Commerce Secretary Rajesh Agrawal confirmed the visit, according to reporting from Times of India and Economic Times. The talks are expected to involve Commerce and Industry Minister Piyush Goyal.
What the visit is for
The planned trip is being described as a final-stage round of talks on the first phase of the India-U.S. trade pact. Reporting so far indicates the two sides are aiming to give the deal its final touches rather than announce a completed broader agreement.
Preferential tariff treatment is one of the key issues being discussed, alongside other market-access questions that have not yet been detailed publicly.
Where the talks stand
India and the U.S. have been negotiating a bilateral trade agreement for months.
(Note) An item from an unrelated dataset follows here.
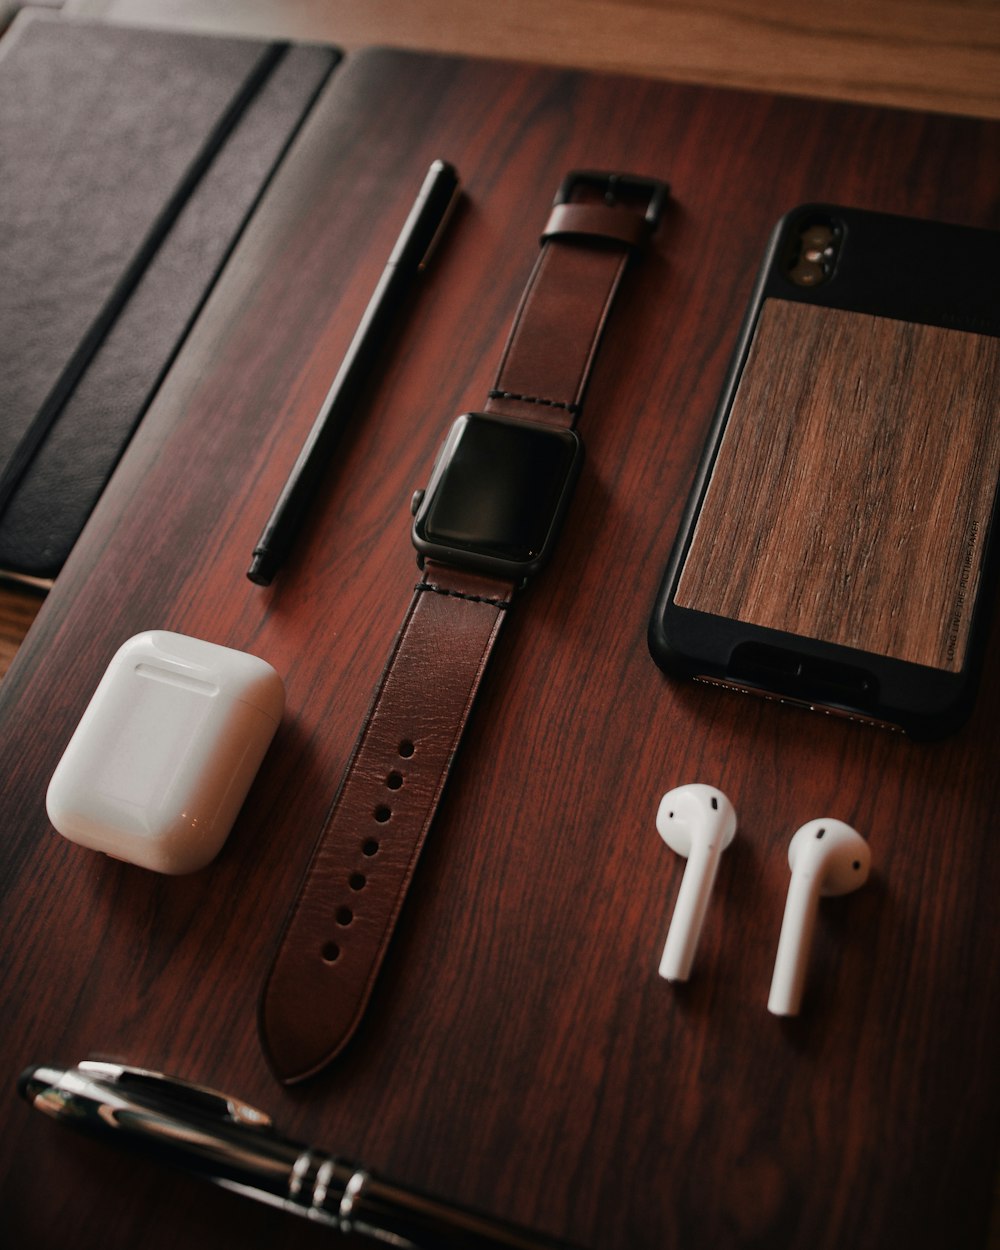 black aluminum Apple Watch with brown leather band, Apple AirPods with case, black pen, and brown and black case on brown wooden surface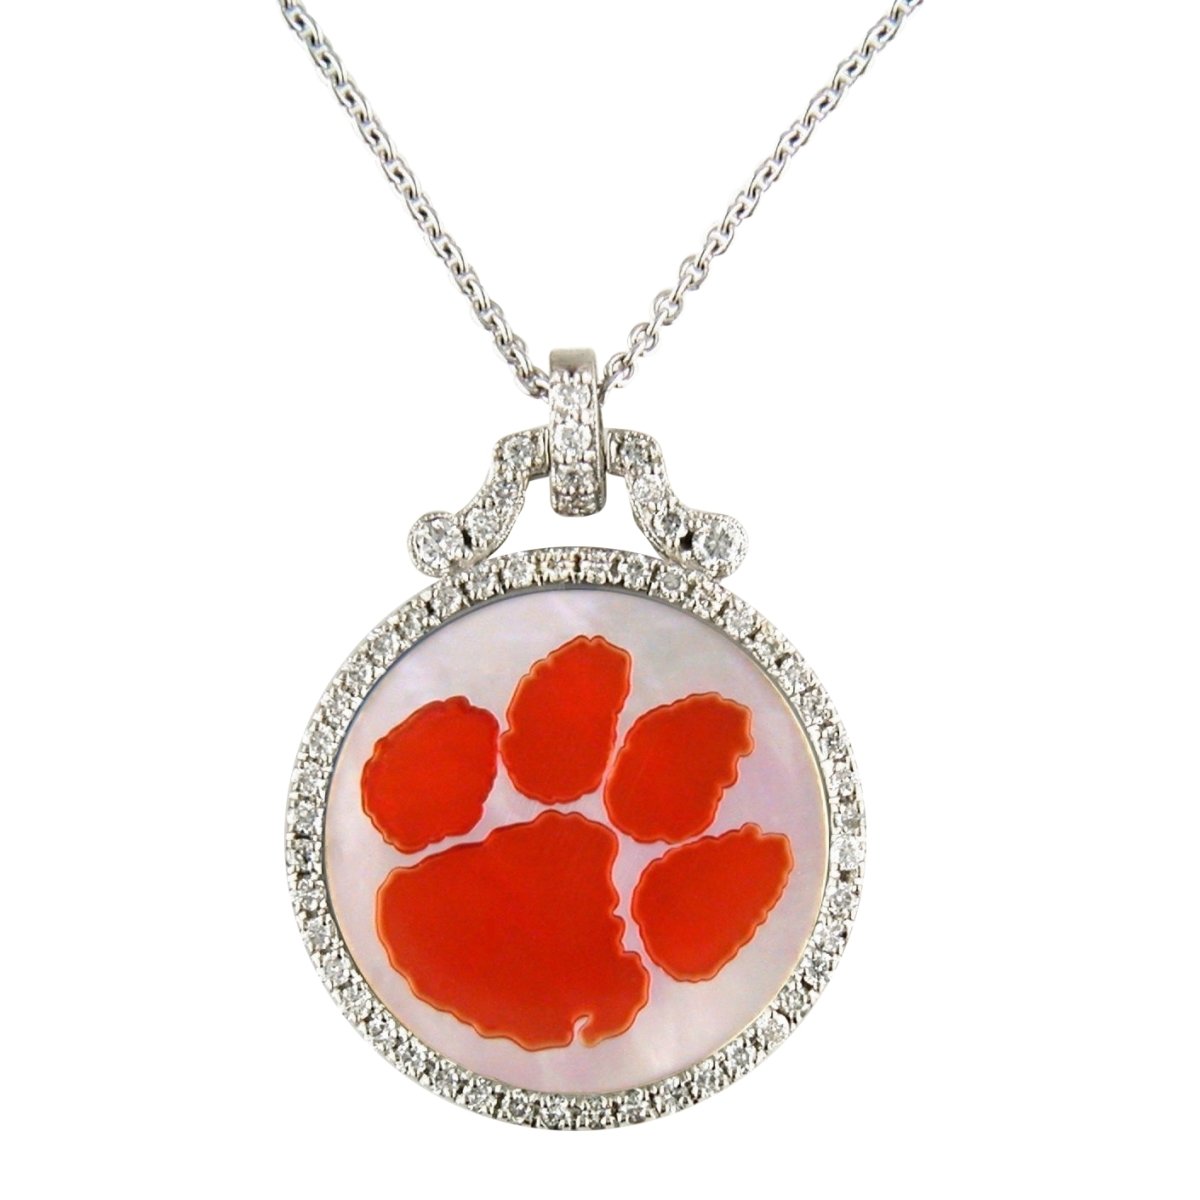 Argent Sport Clemson Tigers Diamond and Mother of Pearl Pendant Necklace - Mr. Knickerbocker

Earlier reporting in June suggested much of the first-tranche legal text had already been finalized, but some details still needed to be settled.
The current reports point to a high-level ministerial meeting in New Delhi as the next step, rather than another technical round.
What happens next
The most immediate milestone is the June 23-24 visit itself. Any official readout from USTR or India will show whether the talks produced a final text, a framework, or only further negotiation.
The outcome matters because a first-phase trade deal could affect tariff treatment and market access between the two countries, and it could shape the next stage of broader India-U.S. trade relations.
Revision note
Initial automated publication.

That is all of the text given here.